第21話 覚悟と、自意識過剰

自分はいつも、外側と内側で違った評価を受けてきた人間だった。大きな例を挙げるならば、学校では先生からいつも褒められる優等生、家庭では甘えん坊でだらしがない子のように。


それは自意識過剰を極めつつある今も同じで、職場ではミスのないロボットと呼ばれていても、実際のところは不安だらけで片っ端から丁寧に確認した結果、ミスが少ないだけである。「物覚えが早い」との評価も、物覚えが早いのではなく必死について行かないと軽蔑され見捨てられると深層心理で怯えているから死ぬ気で覚えるのである。

物覚えが悪いから頑張っているだけで。


乖離しているのだ、なにもかも。


だから普通がわからない、当たり前がない。


自分の今の生活について、周りの大人からは「甘えている」とのご意見を頂戴する。

職場では「大丈夫?無理しないでね」と先輩方に言われる。

自分は甘えているのだろうか、それとも無理をしているのだろうか?甘えているつもりも、無理をしているつもりもないのに。皆と少し違う人生かもしれないけど、普通に生きているだけなのに。


学生の頃は、よく自分を殺す妄想をしていた。

やりたくない、サボりたい、逃げたい自分を脳内で撃ち殺すのだ。テストで満点をとっても、いくら家事を完璧にしても、すべて当たり前とされた自分にとって弱点なんて存在してはならない。

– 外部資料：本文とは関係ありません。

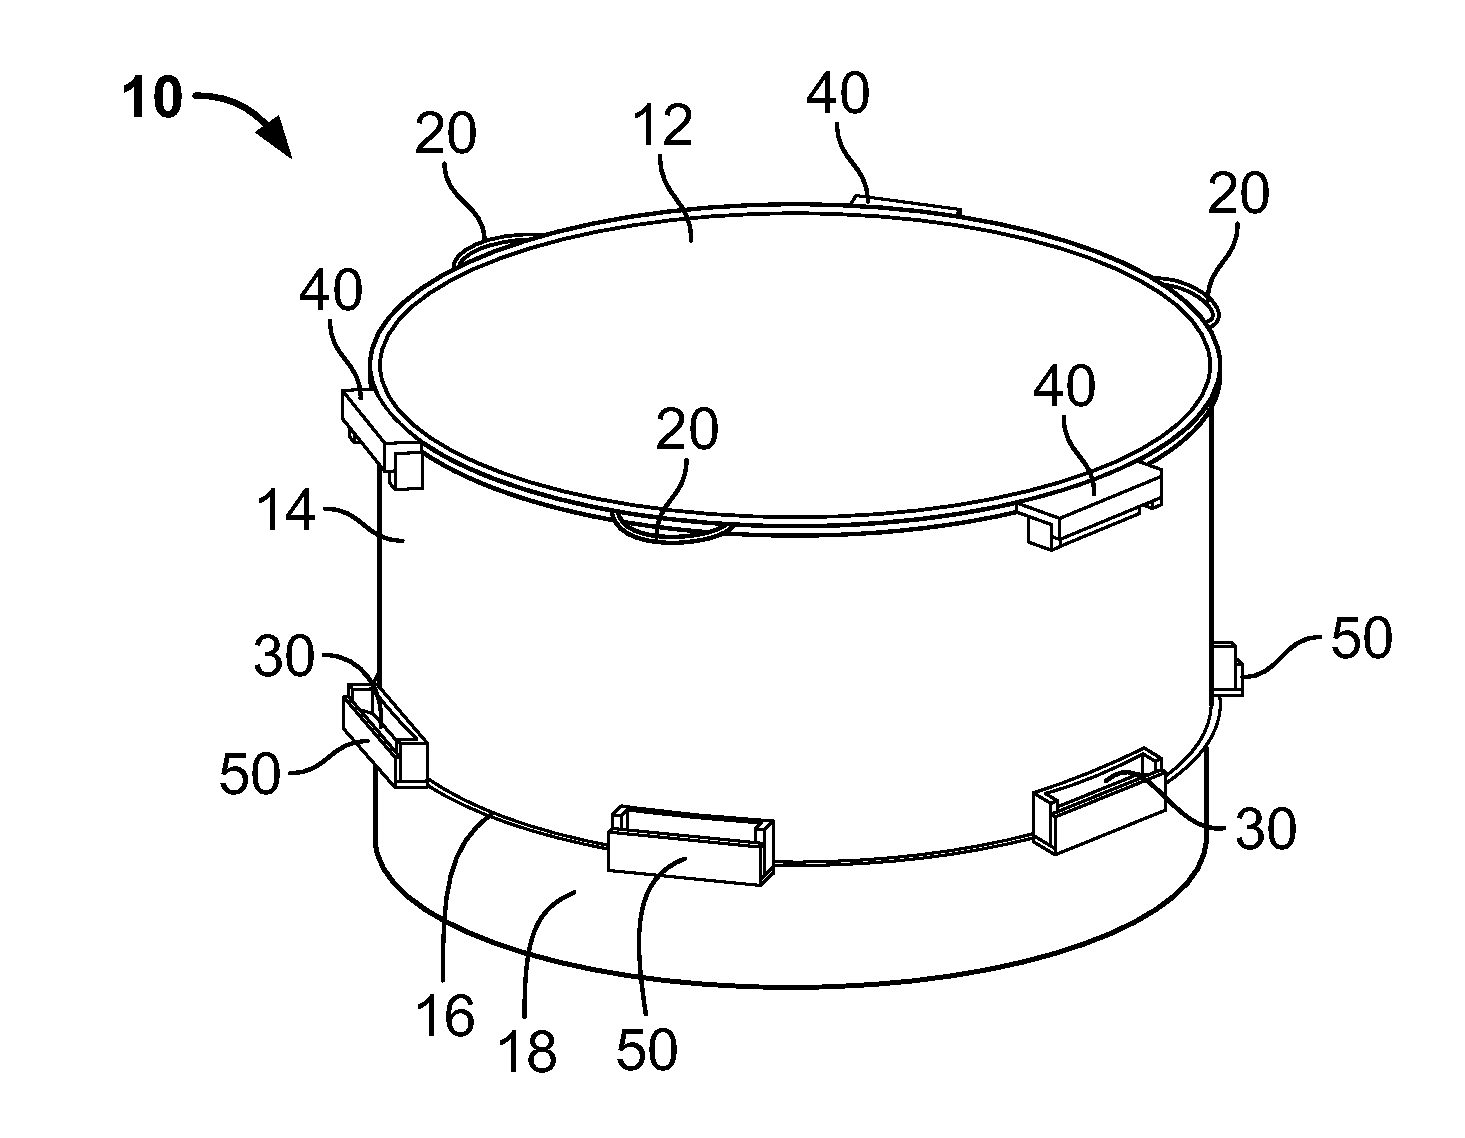 Multi-Part Sifter for De-Seeding and Sorting Plant Material

今になれば思う、弱いところのない人間なんていないし、やりたくないのもサボりたいのも普通にあってしかるべき感情だ。自分はそれを歪め、結果なにもかもがめちゃくちゃになってしまった。


事の重大さに気づいたのは、大人になってからだった。繰り返しの日々を生き抜いた先にあったのは、取り戻しようのない同年代との差。周りが結婚や育児、推し活などの趣味で人生を充実させるなか、自分はひとり極大な自意識過剰を抱えて心の井戸ばかり覗き込んでいる。ああでもないこうでもないと井戸にある水の成分を調べては、なぜこんなに汚れているのだと嘆く。


どこまでも虚しかった。

自己責任なのは痛いほど理解している。

もっと自分の心の声に耳を傾けていれば、もっと人と人との関係を大切にしていれば、もっと上手くできたかもしれないのに。この人生を。


自分が回避的な思考なのは間違いない。

何をしてもバカにされるから、何もしないを選択した。果てには、生を放棄しようとまでした。


初めて頑張ろうと思えたのは、自分の周りにあるささやかな好きなものたちのおかげだった。

生きがいと呼ぶにはほど遠いけど、明日、明後日を生きるには十分な希望。

小説、音楽、漫画、舞台、本屋、食べもの、競馬、ラジオ、職場の人達、ゲーム、ぬいぐるみ。

「頑張らなければ」ではなく、好きなもののためならば「頑張りたい」と思えた。時には休んだり離れたりもしたけど、なんだかんだ細く長く好きでいられる。そのことが空っぽな自分にとってどれだけありがたく、救われたことか。


甘えているか、無理しているか。

自分はただ自意識過剰に生きているだけだ。

無意識に、流れるままに。

だからどうせなら、一度思い切り自意識過剰に生きてみようと思った。


きっかけは、たぶんポジティブ人間だ。

身近な同世代の人が頑張っている姿に、楽しく生きている姿に、私は初めて惹き付けられた。

そして言い訳ばかりの自分に心底嫌気がさして、まぁ自意識過剰にしては上手くやってるほうだよと慰めながら進むのも違う気がして、一度でいいから胸を張って「頑張った」と言えるような日々を過ごしたいと思った。


11月。この1ヶ月間だけ、私は全力で生きる。

できる限り、すべてに全力を尽くしたい。

もちろん健康的に。健康がいちばん大事である。

無理はしない、できる範囲で力を尽くす。


そして気持ちよくクリスマスを迎えたい。

今年を後悔なく過ごすための準備は完璧に。

それが欠点だらけの自分に薬になると信じて。


あるいは毒になるのか。

見届けてもらえると嬉しい。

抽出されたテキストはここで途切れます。